[MATERIAL FOR THE TASK]

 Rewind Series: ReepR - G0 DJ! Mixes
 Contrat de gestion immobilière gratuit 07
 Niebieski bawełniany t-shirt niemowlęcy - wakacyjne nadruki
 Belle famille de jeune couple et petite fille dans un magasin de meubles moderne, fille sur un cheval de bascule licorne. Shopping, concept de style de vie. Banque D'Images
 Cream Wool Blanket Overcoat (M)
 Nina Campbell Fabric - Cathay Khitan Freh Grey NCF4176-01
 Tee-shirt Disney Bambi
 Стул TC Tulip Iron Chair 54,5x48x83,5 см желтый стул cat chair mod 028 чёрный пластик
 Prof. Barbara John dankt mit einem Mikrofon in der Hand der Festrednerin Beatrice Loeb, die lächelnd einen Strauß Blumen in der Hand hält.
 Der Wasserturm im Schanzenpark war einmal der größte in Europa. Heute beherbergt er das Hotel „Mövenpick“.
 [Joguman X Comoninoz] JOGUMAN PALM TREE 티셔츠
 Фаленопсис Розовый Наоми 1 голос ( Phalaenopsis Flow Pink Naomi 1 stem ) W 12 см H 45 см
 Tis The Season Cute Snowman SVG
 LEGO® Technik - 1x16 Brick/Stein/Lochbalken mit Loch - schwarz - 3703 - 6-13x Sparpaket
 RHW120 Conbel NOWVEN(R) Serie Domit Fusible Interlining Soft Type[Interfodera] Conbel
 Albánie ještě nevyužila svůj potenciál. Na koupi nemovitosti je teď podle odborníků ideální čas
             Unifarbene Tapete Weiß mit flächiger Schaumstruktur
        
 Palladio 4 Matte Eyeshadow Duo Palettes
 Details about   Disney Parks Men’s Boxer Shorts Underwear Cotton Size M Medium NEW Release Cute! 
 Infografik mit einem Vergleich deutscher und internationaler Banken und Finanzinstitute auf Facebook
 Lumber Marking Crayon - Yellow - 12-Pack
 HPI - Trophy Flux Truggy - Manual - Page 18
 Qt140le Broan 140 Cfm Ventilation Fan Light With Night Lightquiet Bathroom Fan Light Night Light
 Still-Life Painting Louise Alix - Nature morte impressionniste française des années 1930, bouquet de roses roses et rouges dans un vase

[/MATERIAL FOR THE TASK]

**TASK GOAL**
Word for word, give back the data shown above.

**SOLVED EXERCISE**
 Rewind Series: ReepR - G0 DJ! Mixes
 Contrat de gestion immobilière gratuit 07
 Niebieski bawełniany t-shirt niemowlęcy - wakacyjne nadruki
 Belle famille de jeune couple et petite fille dans un magasin de meubles moderne, fille sur un cheval de bascule licorne. Shopping, concept de style de vie. Banque D'Images
 Cream Wool Blanket Overcoat (M)
 Nina Campbell Fabric - Cathay Khitan Freh Grey NCF4176-01
 Tee-shirt Disney Bambi
 Стул TC Tulip Iron Chair 54,5x48x83,5 см желтый стул cat chair mod 028 чёрный пластик
 Prof. Barbara John dankt mit einem Mikrofon in der Hand der Festrednerin Beatrice Loeb, die lächelnd einen Strauß Blumen in der Hand hält.
 Der Wasserturm im Schanzenpark war einmal der größte in Europa. Heute beherbergt er das Hotel „Mövenpick“.
 [Joguman X Comoninoz] JOGUMAN PALM TREE 티셔츠
 Фаленопсис Розовый Наоми 1 голос ( Phalaenopsis Flow Pink Naomi 1 stem ) W 12 см H 45 см
 Tis The Season Cute Snowman SVG
 LEGO® Technik - 1x16 Brick/Stein/Lochbalken mit Loch - schwarz - 3703 - 6-13x Sparpaket
 RHW120 Conbel NOWVEN(R) Serie Domit Fusible Interlining Soft Type[Interfodera] Conbel
 Albánie ještě nevyužila svůj potenciál. Na koupi nemovitosti je teď podle odborníků ideální čas
             Unifarbene Tapete Weiß mit flächiger Schaumstruktur
        
 Palladio 4 Matte Eyeshadow Duo Palettes
 Details about   Disney Parks Men’s Boxer Shorts Underwear Cotton Size M Medium NEW Release Cute! 
 Infografik mit einem Vergleich deutscher und internationaler Banken und Finanzinstitute auf Facebook
 Lumber Marking Crayon - Yellow - 12-Pack
 HPI - Trophy Flux Truggy - Manual - Page 18
 Qt140le Broan 140 Cfm Ventilation Fan Light With Night Lightquiet Bathroom Fan Light Night Light
 Still-Life Painting Louise Alix - Nature morte impressionniste française des années 1930, bouquet de roses roses et rouges dans un vase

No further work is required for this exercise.